For Iran, sanctions relief through negotiations could ease economic pressure, quell domestic unrest, and stabilize the regime. Pezeshkian, a reformist, pledged to improve relations with the West upon his election in 2024. Choosing negotiations in the current crisis aligns with both his political stance and Iran’s practical interests.
However, differences on core issues remain vast. According to U.S. officials, any new agreement would go far beyond the 2015 deal, requiring Iran to halt uranium enrichment, restrict its missile program, and cease support for proxy armed groups across the Middle East. These demands strike at every core element of Iran’s security strategy and are viewed in Tehran as tantamount to “terms of surrender.”
While Iran has agreed to talks, it has set conditions. Araghchi previously stated that Iran welcomes an agreement only on an “equal footing, without coercion, threats, or intimidation”—a stance clearly at odds with Washington’s current high-pressure strategy.

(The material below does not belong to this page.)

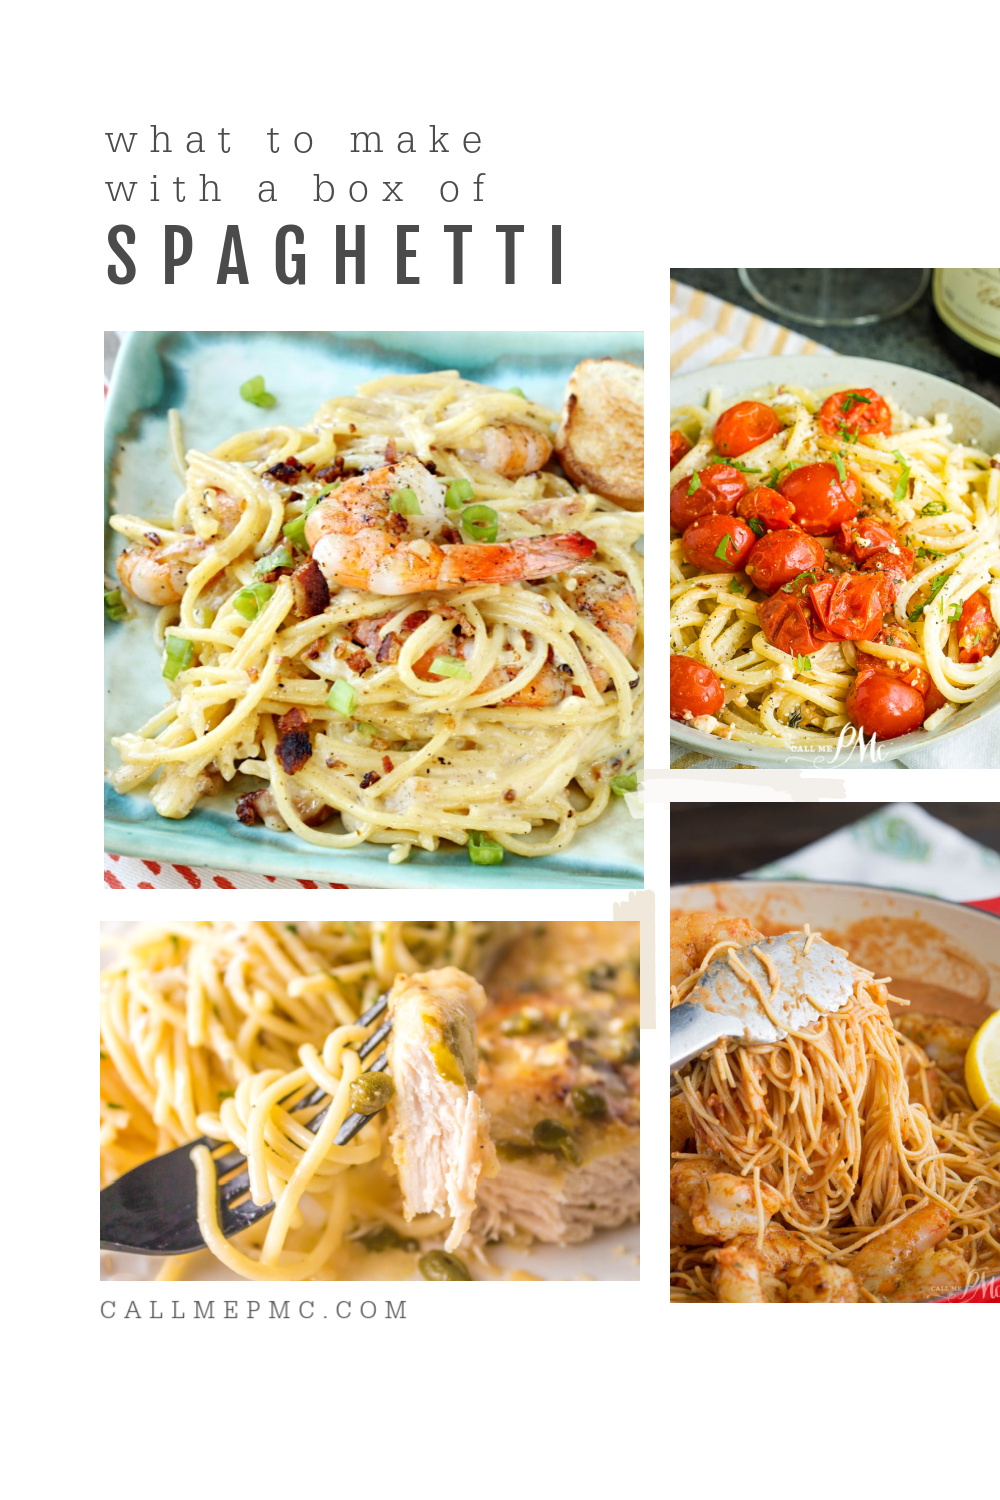 Recipes to make with a box of spaghetti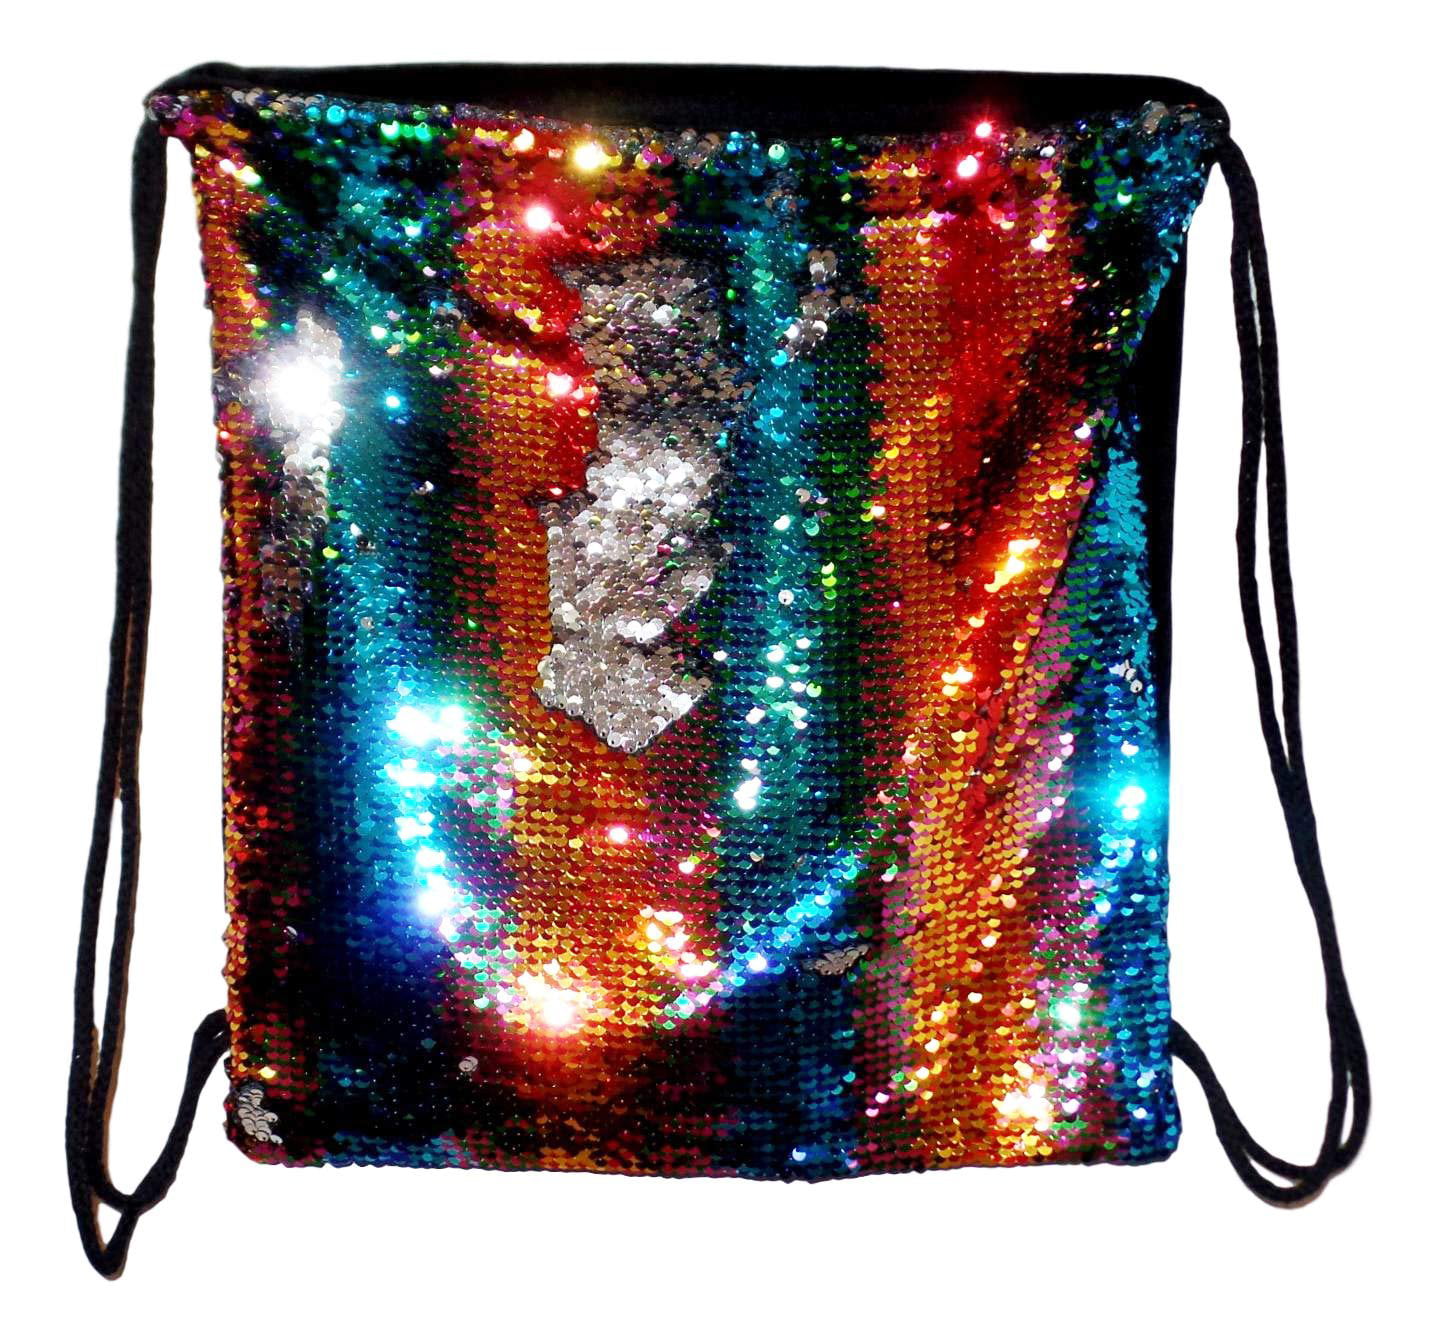 TEAL BLUE MERMAID TAIL Flip Sequin Backpack Drawstring Glitter Bag For School Gym Dance Hiking Beach Travel and More

Finding a balance between “equal negotiations” and “maximum pressure” will be key to the talks’ success or failure.
As the framework for U.S.–Iran talks takes shape, EU–Iran relations are deteriorating. The timing of the EU’s terrorist designation of the Revolutionary Guard is sensitive and could have complex effects on negotiations.
On one hand, it underscores that Western pressure on Iran is comprehensive, not just from the United States, potentially pushing Tehran toward compromise. On the other, it may deepen Iran’s sense of isolation and encirclement, prompting a tougher negotiating stance or hardline responses toward Europe to appease domestic hawks.